现在屋子里,一共有七个人。他们每个人都高大强壮,各个长相凶恶丑陋,来者不善。
其中一个人,逼着她录音,两个人盯着她,剩下四个应该在房间外,讨论声纷纷,如何拿到更多的海洛因。
杜秋鸣虽然会一点跆拳道,但是她所学会的那点皮毛,简直是可以说是九牛一毛的小把戏,怎么可能敌得过他们这些身强力壮的男人呢?也就是说,逃出去的可能性简直是太低了。
但是她并没有绝望,还是十分乐观,嘴角处竟然出一抹微笑,但是那笑容,更像是嘲讽的笑。
“你给我快点!”那人突然朝着杜秋鸣大吼了一声,唾沫一下子就溅了她一脸,尖利的声音,吓得她身体又是一震,她微微抬起头,表情坚定。
杜秋鸣因为双手都被绑在了椅子上,所以便无奈的用肩膀蹭了蹭脸,试图抹去他那令人作呕的口水,可却有些无济于事,她声音低沉,一字一句,幽幽地说道:“真恶心。”
男子一听,一下就被她激怒了,一手扯着她的头发,一手对着她的脸连续扇了几个耳光,力道大得惊人,即使男生受了这几巴掌都忍不住哭出来。
“轻点打,咱们一会儿可是要拿她做人质呢!”站在旁边抽烟的一名男人,语气平淡的说道。
烟圈一点点散开,顿时屋里就烟雾缭绕,味道很呛鼻。
假若这要是换做别人,此时可能早就已经哭成了泪人,可一向坚强独立的杜秋鸣,硬是把眼泪给收了回去,任凭眼泪在眼眶中打转,杜秋鸣狠狠盯着他,目光似一把尖利的锋刀。
她的脸上,此时仍旧传来一阵火辣辣的疼,头发乱七八糟的散落在肩上,看起来简直狼狈不堪。而耳边,尽是那些大汉的辱骂声。她知道,现在的自己一定会让别人觉得,像一个没人救的可怜虫。
杜秋鸣见他们不再动手,只觉得身子一下瘫软了,无力地靠着墙,她真的没办法逃出去了。而她的父亲,或许也只能无奈地交出海洛因吧。
虽然,在杜秋鸣的印象中,她的父亲的形象一点也不好,是一个冷漠无情,觉得家庭要比事业重得多的男人。

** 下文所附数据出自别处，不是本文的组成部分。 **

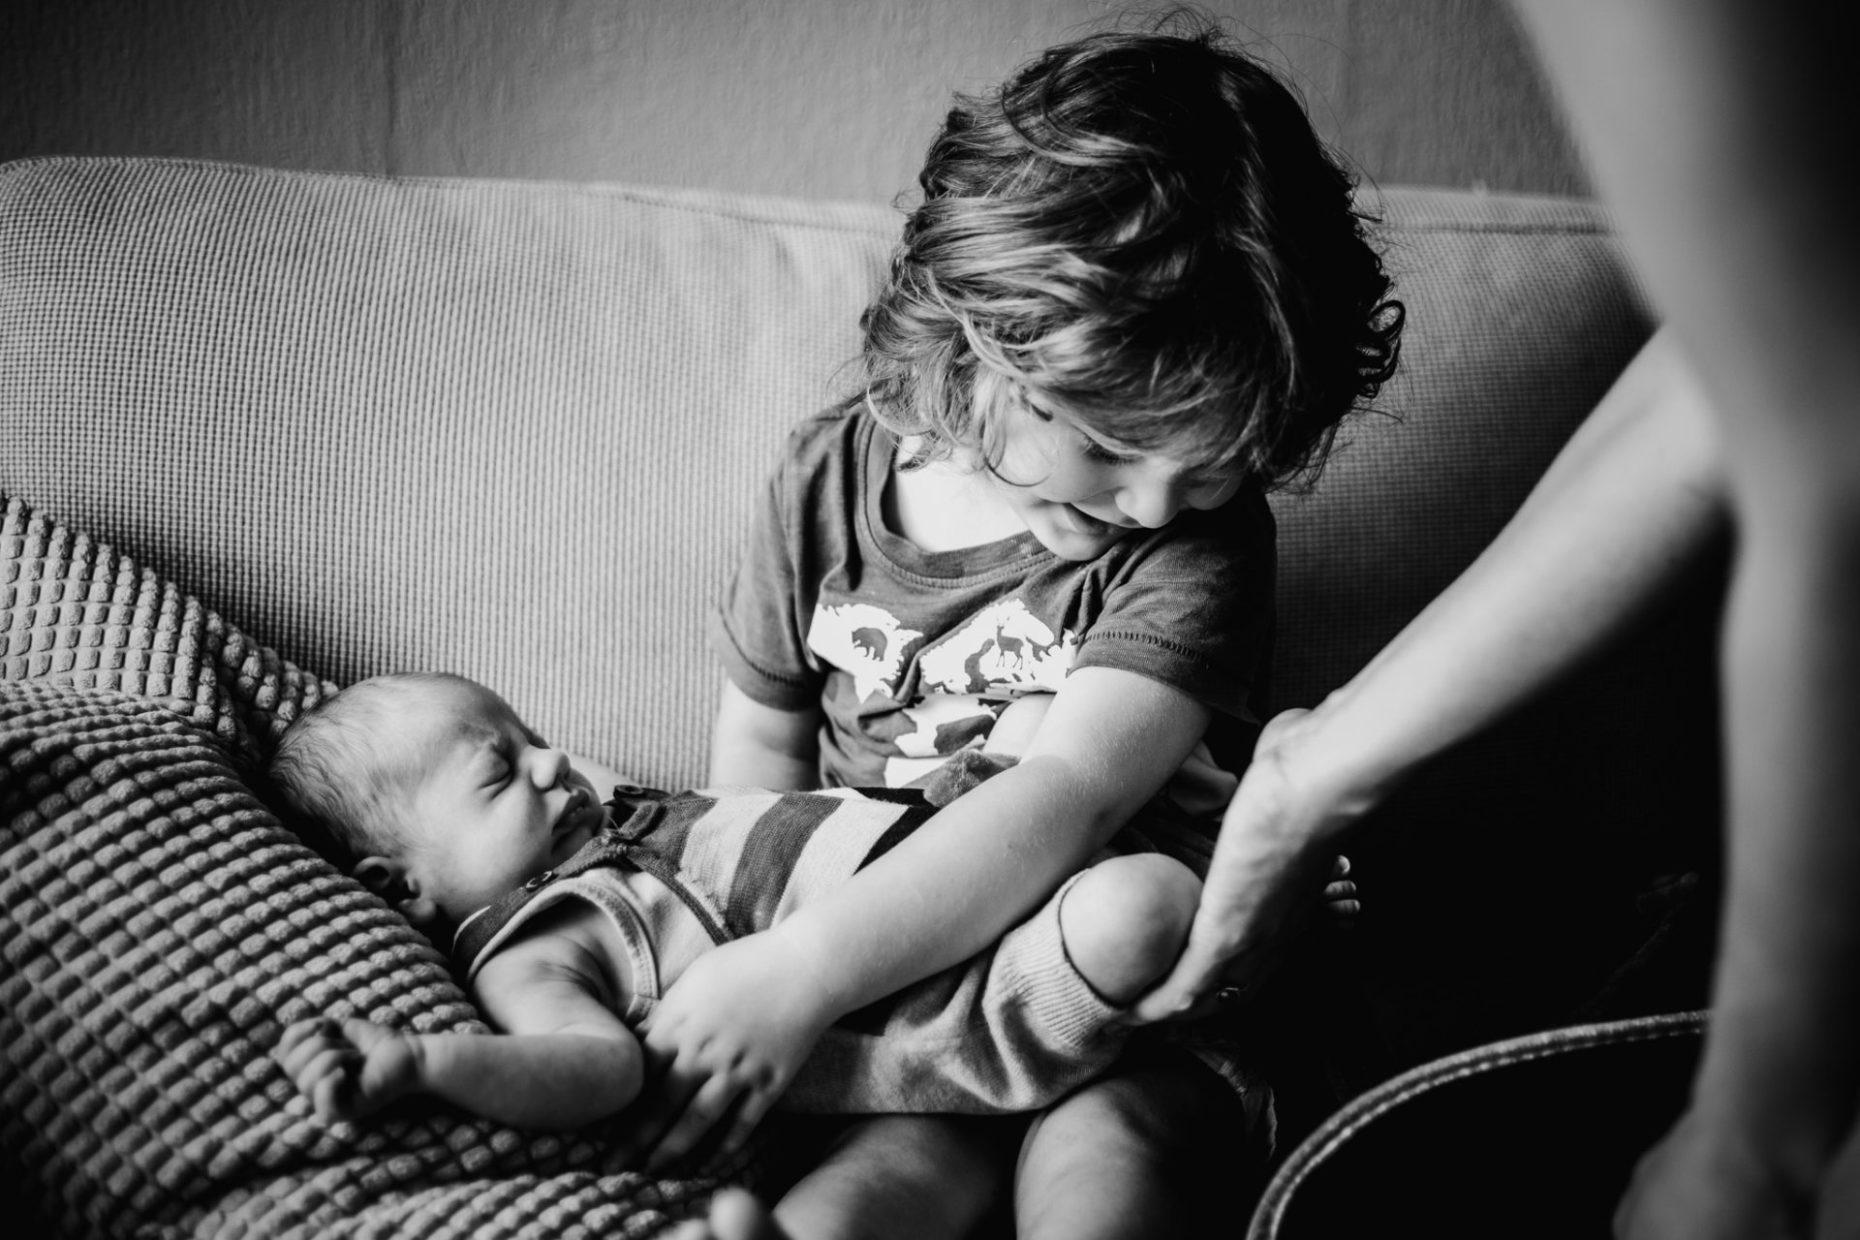 EN: Little boy (aprox 2 years old) holding his newborn brother for the first time. They're sitting on a couch. Moms hand is there helping him. Black and white photography. NL: Klein kind dat voor het eerst zijn pasgeboren broertje vasthoudt. Mama helpt hem daarbij. Baby fotografie.

她一想,便皱了皱眉。可就算有万般的不情愿,杜正峰终究是她的父亲,这简直就是无法改变的事实,所以她也只能决定坦然接受了。
可是,杜秋鸣认为这次,她的确是给她的父亲找了麻烦。尽管说是那群人绑架了她,可是最终的目的还是为了得到杜正峰的那批毒品。
也就是意味着,杜正峰如果救了她,乖乖交了毒品,那岂不是破坏了他的原则,这几乎就是不可能发生的事情。
因此,凭着他的勇敢,她觉得她的父亲,尽管会赶过来救她,但也仅可能是使用阴谋,不会为了自己的女儿,付出一切。
窗外,天一样的暗,一样没有星星,像她的心一样,一副黯淡的模样,这世界上,似乎根本就没有一个真正正正心疼她、在乎她的人。就算觉得有人关心,也只是虚伪的了吧。
现在的她浑身都很脏,狼狈不堪,一点也不像自己想象中的公主,更别说是世俗眼光中那些穿着华丽的衣服的富家小姐了。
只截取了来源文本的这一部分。